I'm curious what you think kubernetes does, because AFAICT, cpu -- a metric available to hpa -- would be an _improvement_.
A few notes on Power-Of-Two-Choices (Po2C) which is part of the solution described in the paper.
NGINX appears to have Po2C available as an option on the "random" balancing algorithm. [1] It only considers load (requests in flight), unlike the paper which also considers recent latency (and does many other things).
However NGINX "Plus" (the paid version) appears to have a couple additional settings that use actual traffic as latency probes (not asynchronous synthetic probes as described in the paper). [also 1] It's not fully clear to me but I think if you use these options it's going to only use latency, not load. The paper described in this post actually uses both load (RIF) and latency.

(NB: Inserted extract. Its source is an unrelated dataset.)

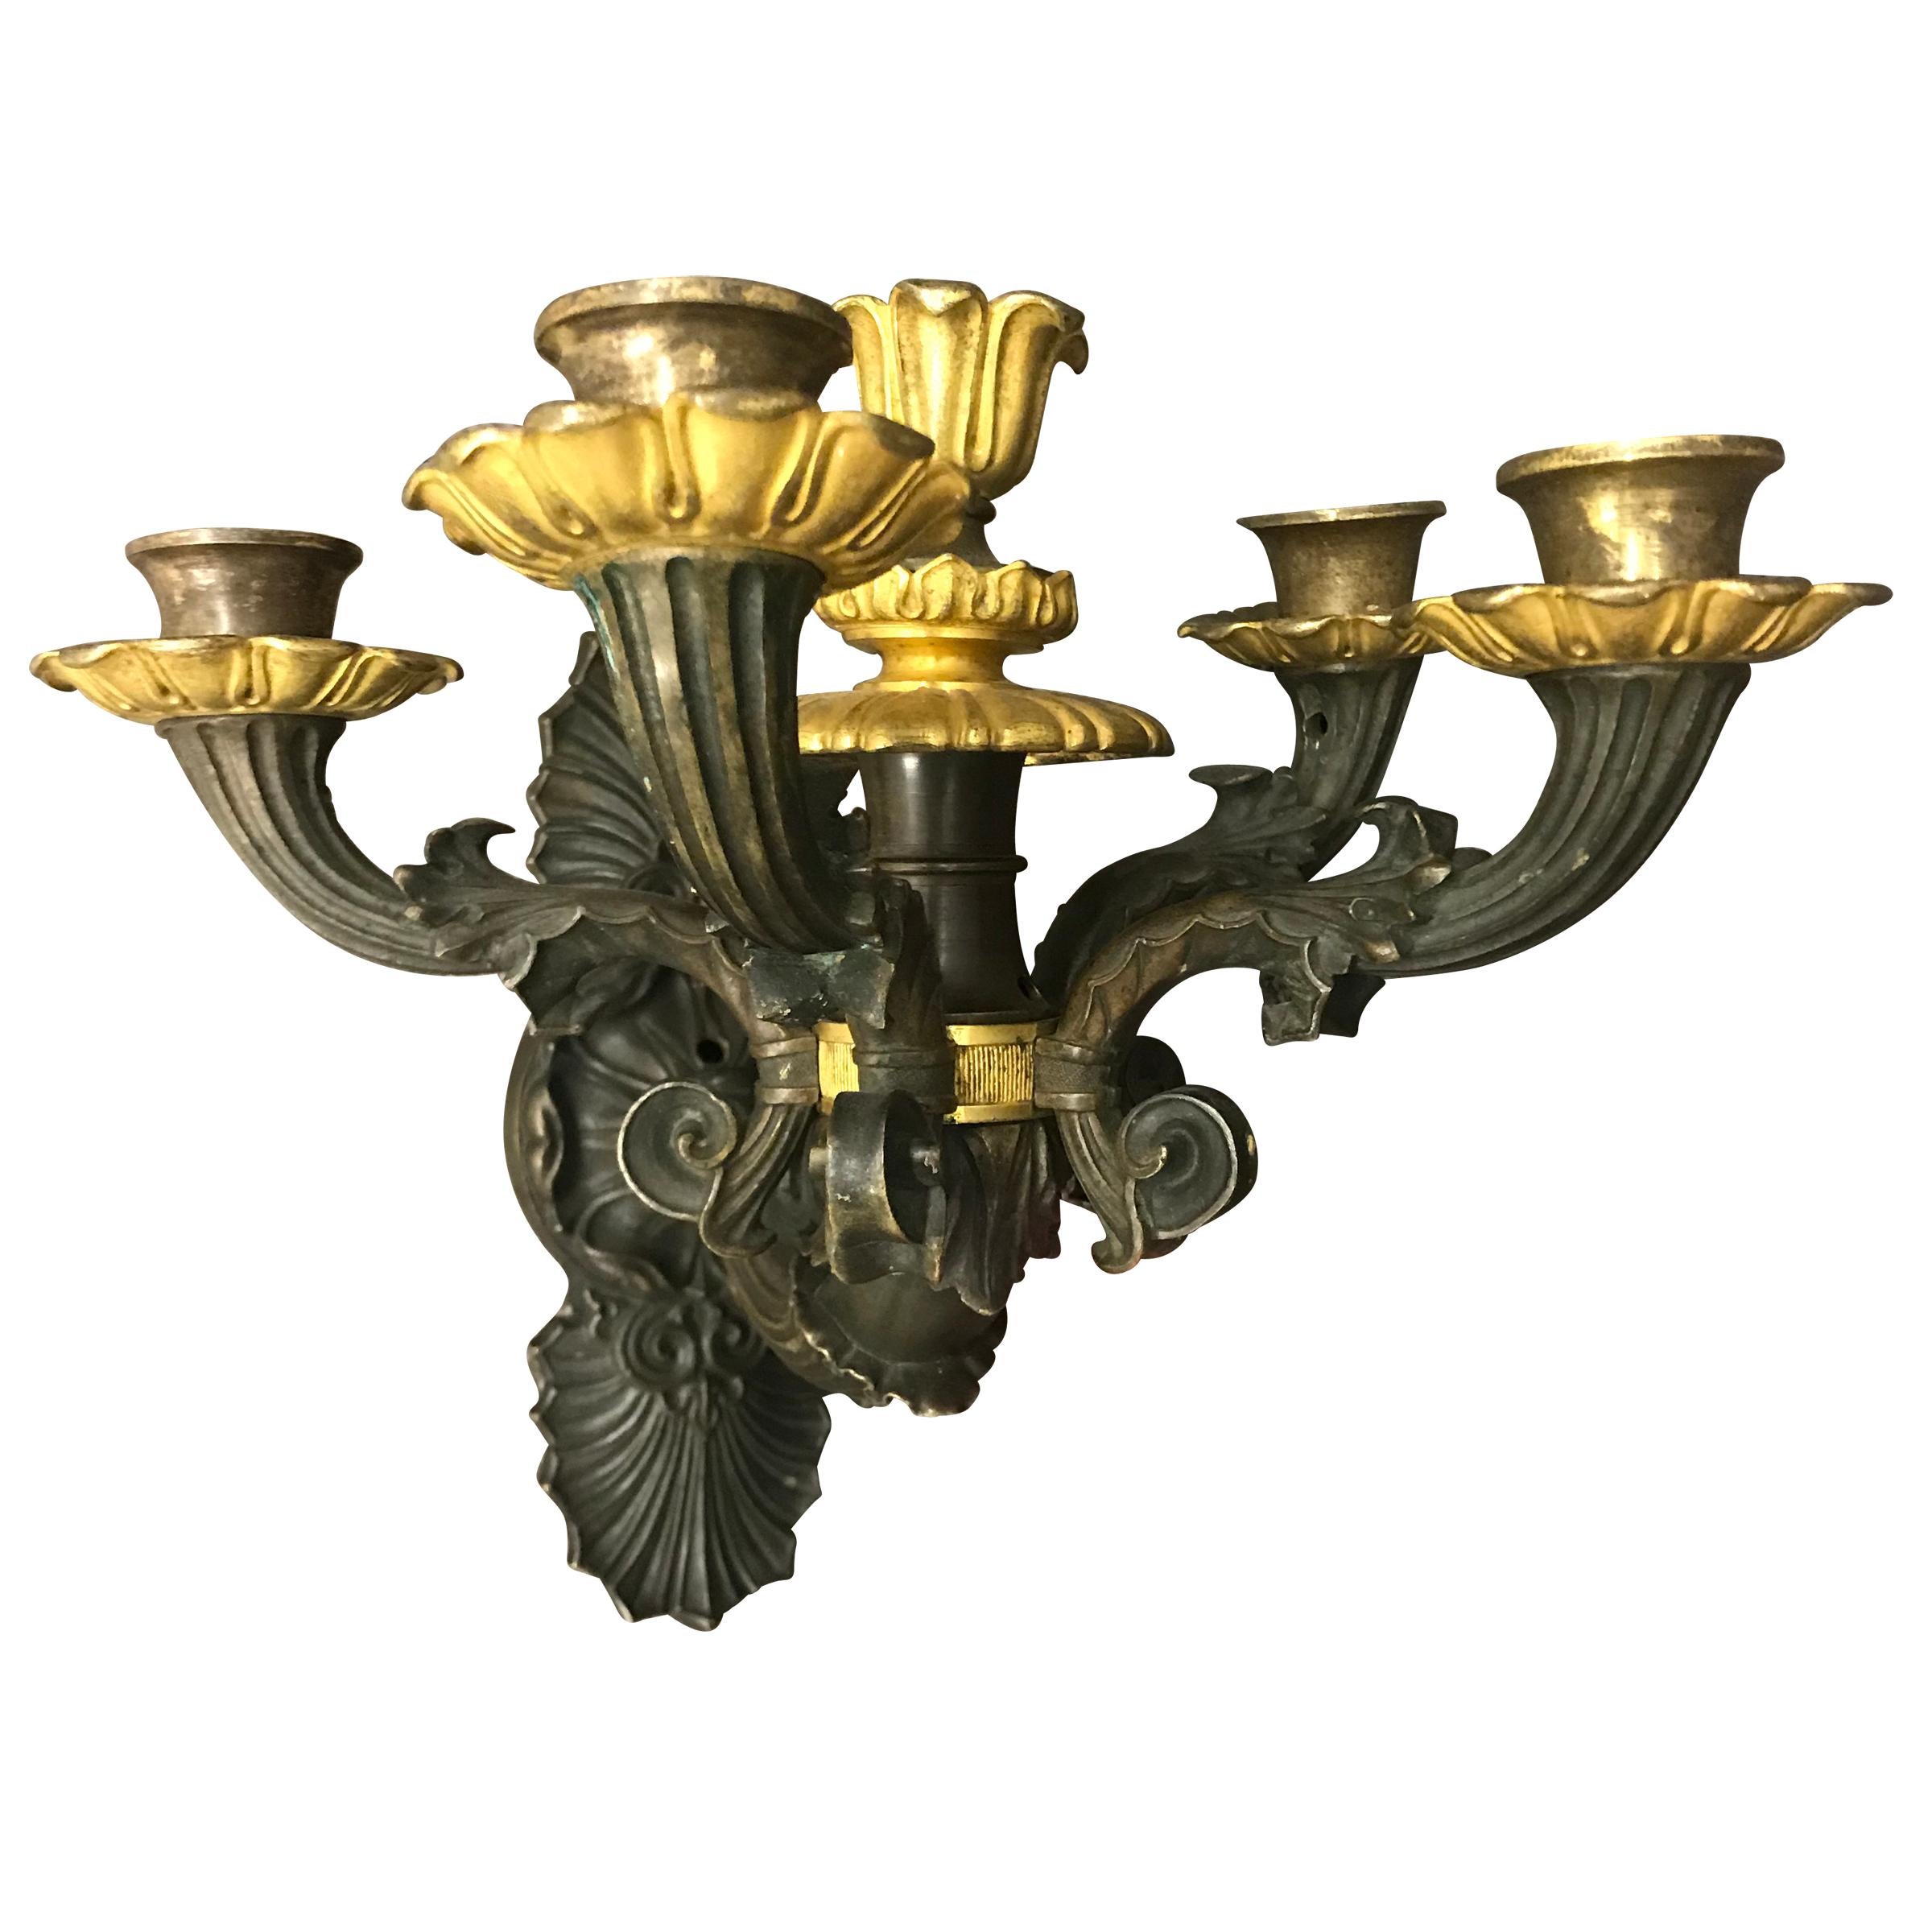 An early 19th century French Charles X cast bronze four-arm wall sconce with gilt bronze candle cups and floral-form bobeches. An additional candle cup with gilt bronze details is in the centre. Sconce has been drilled for wiring, but will need to

Eager to try these out.
Also, I noted that HAProxy author and kernel maintainer Willy Tarreau wrote an article in 2019 about adding Power-of-two-choices to HAProxy. [2] He builds a test bed with a few micro services and compares several balancing algorithms to Po2C, considering response time, throughput, and max load.

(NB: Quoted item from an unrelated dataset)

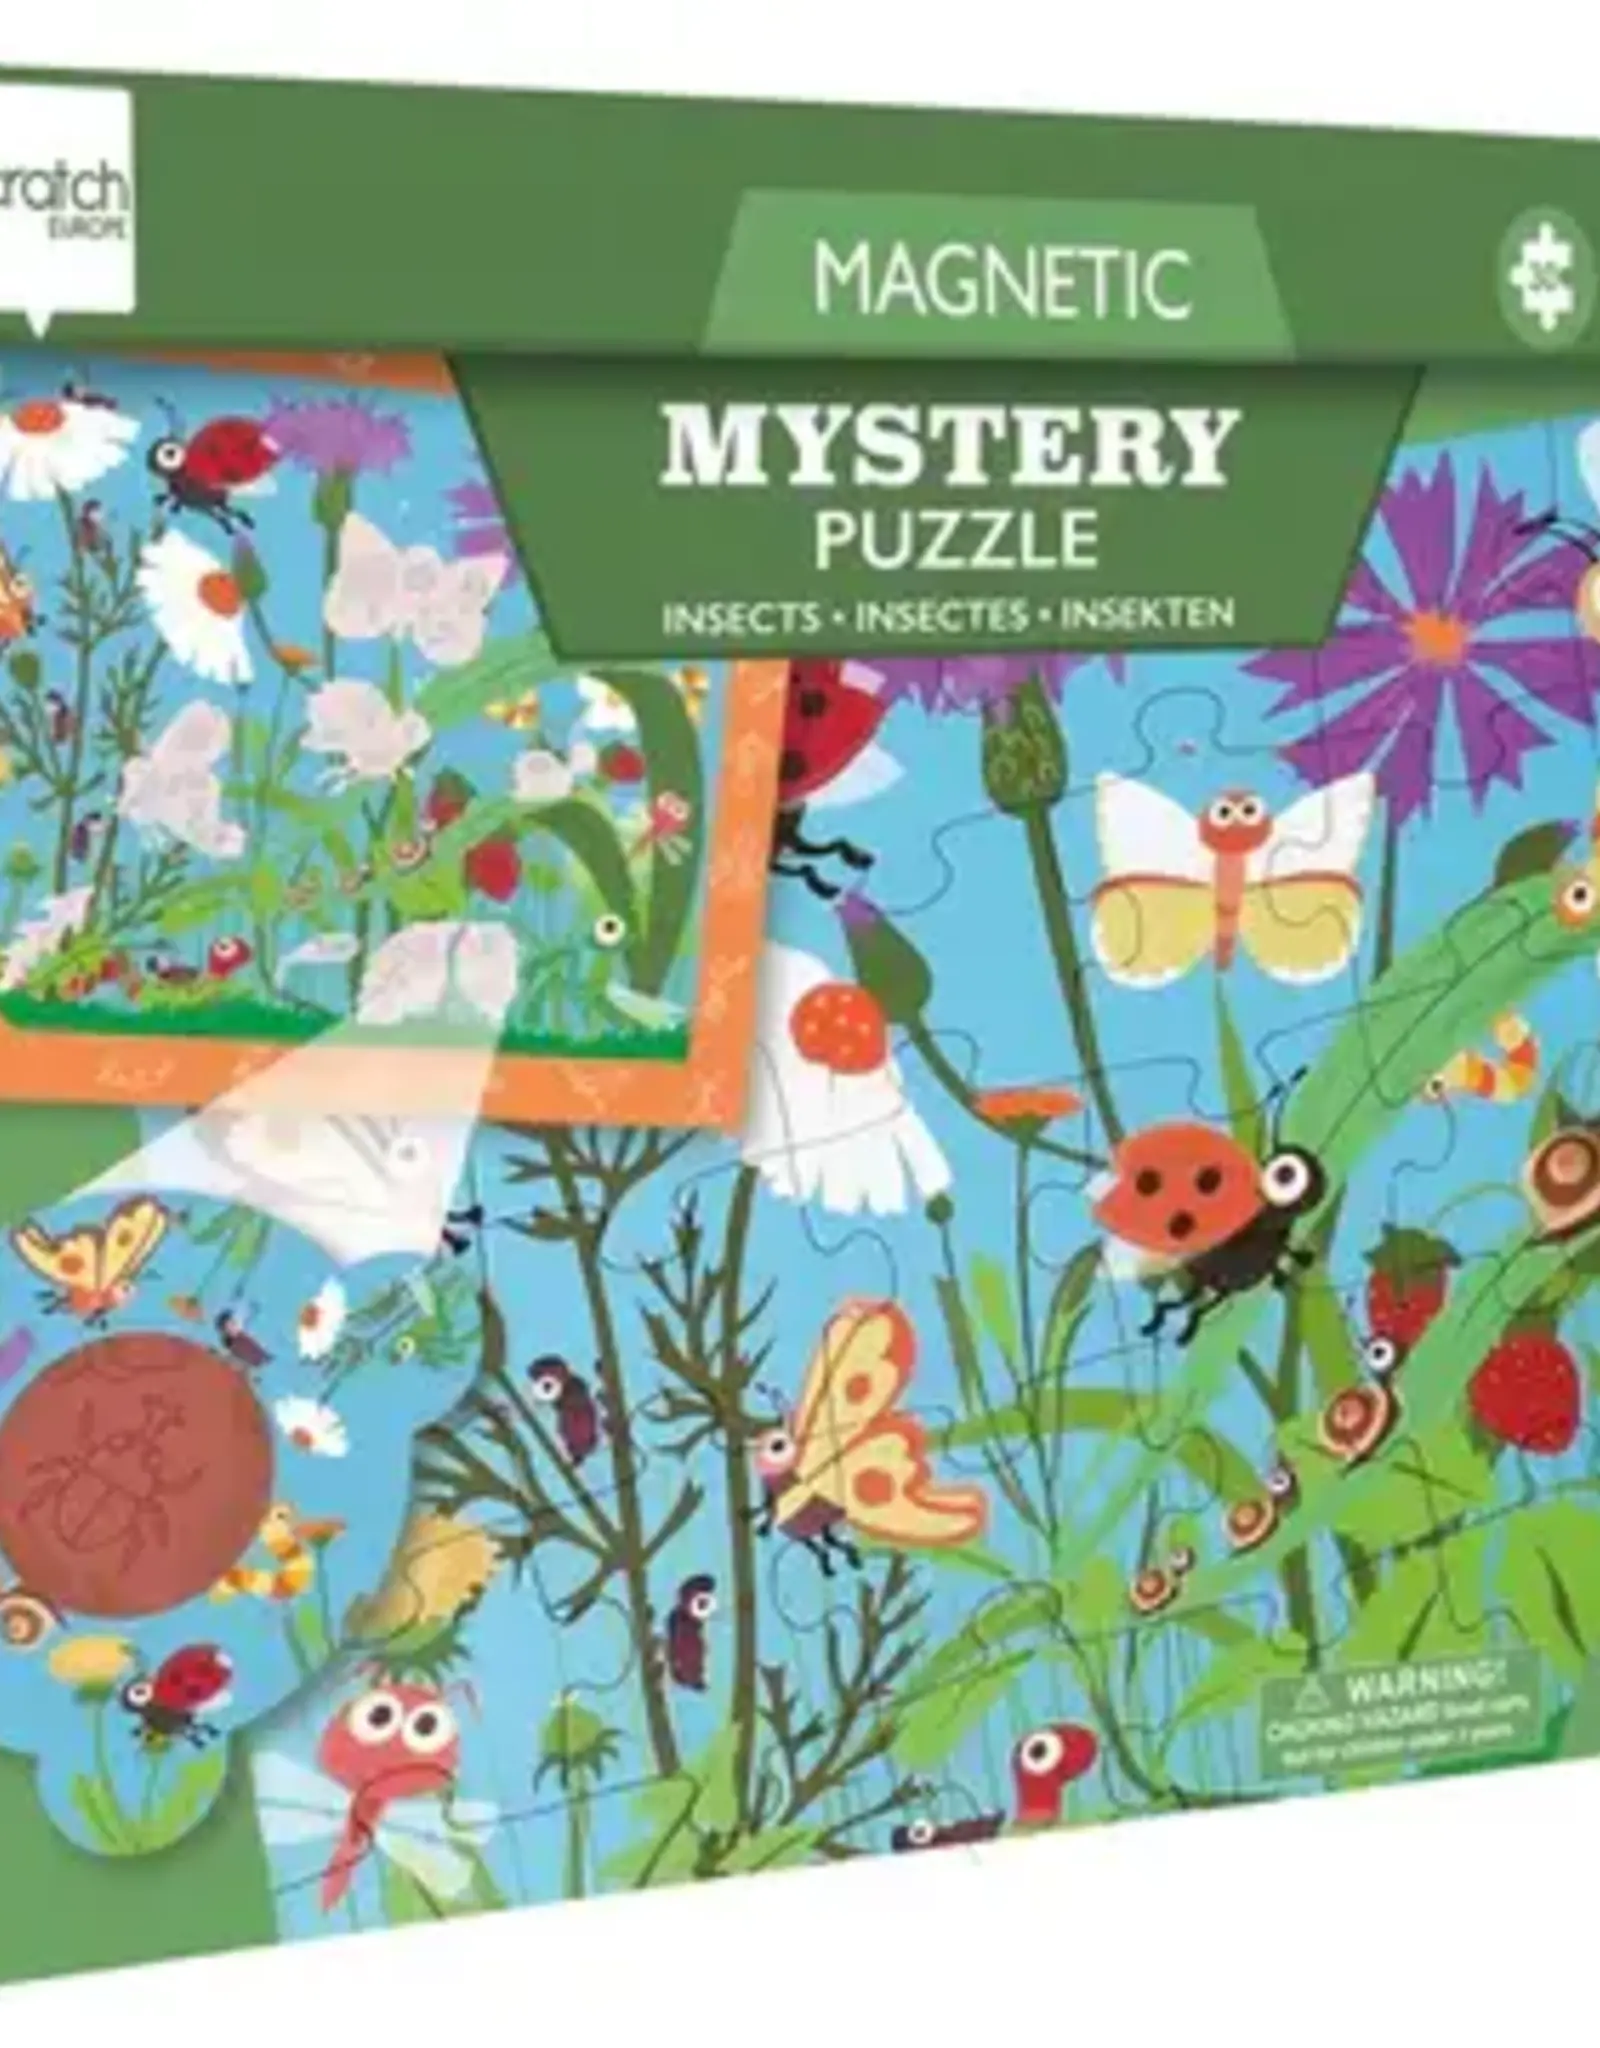 Dam Toys 30pc Magnetic Mystery Puzzle - Insect

One conclusion is that "At the very least, Power of Two is always better than Random. So, we decided to change the default number of draws for the Random algorithm from one to two, matching Power of Two." However, in the response time data, the test appears to consider only average response time. I would love to see the p90 and p99 tail latency of these tests. The main focus of the paper in this post is minimizing p90/99, not average latency.
Tarreau also helpfully provides links to both a 2001 research report by Mitzenmacher, Richa & Sitaraman and also the original 1996 Po2C PhD thesis by Mitzenmacher.
[1] https://docs.nginx.com/nginx/admin-guide/load-balancer/http-...
[2] https://www.haproxy.com/blog/power-of-two-load-balancing
The previous policy uses weighted round robin (WRR), which is described as:
> weight wi is calculated as qi/ui, where qi and ui represent the recent query-per-second (QPS) rate and CPU utilization of replica i.
The pathological case describes a situation where antagonist loads are soaking up CPU on some on the machines, but WRR equally distributes the load because weight formula prioritizes the utilization of the individual tenant, not of the entire machine. Wouldn't including the the machine utilization (probably downweighted) into the WRR formula also solve the issue?
What about this is a surprising result? Optimize as directly as possible for load balancing the thing(s) that matter most to your users (e.g. latency), not the thing that indirectly correlates to the thing(s) that matter (CPU Utilization). I've been making this exact argument at work for a while.
Funny to read this article today, just after myself and two others at work also just saved the company we work at far more than our combined expected lifetime gross earnings with a single (different) optimization.
The paper reiterates -- multiple times -- that optimizing for latency is obviously the right choice; the other major signal is instantaneous requests-in-flight (RIF). They explicitly mention, on the very first page, that their contributions are not that "low latency is good, aim for that", it's that A) they use a particular combination of RIF and latency to select replicas called their "hot-cold lexicographic rule" which they find works really well, and B) their "probes" (requests by the balancer to the backends, to discover what their current state is) are collected asynchronously rather than in the critical request serving path, to help further drive utilization. Most of the ink in the paper in Section 4 explains the design choices they made around probing as a result.
I'm not done with the paper yet, but the basics are in fact written on page one.
you got me curious. can you share?
is this available anywhere yet or still not outside of Google? it would be great to test it on our K8S which uses nginx-ingress
I wonder how predictable the failure modes are?
Traditional load balancing has some known failure modes and engineers know to design to avoid them.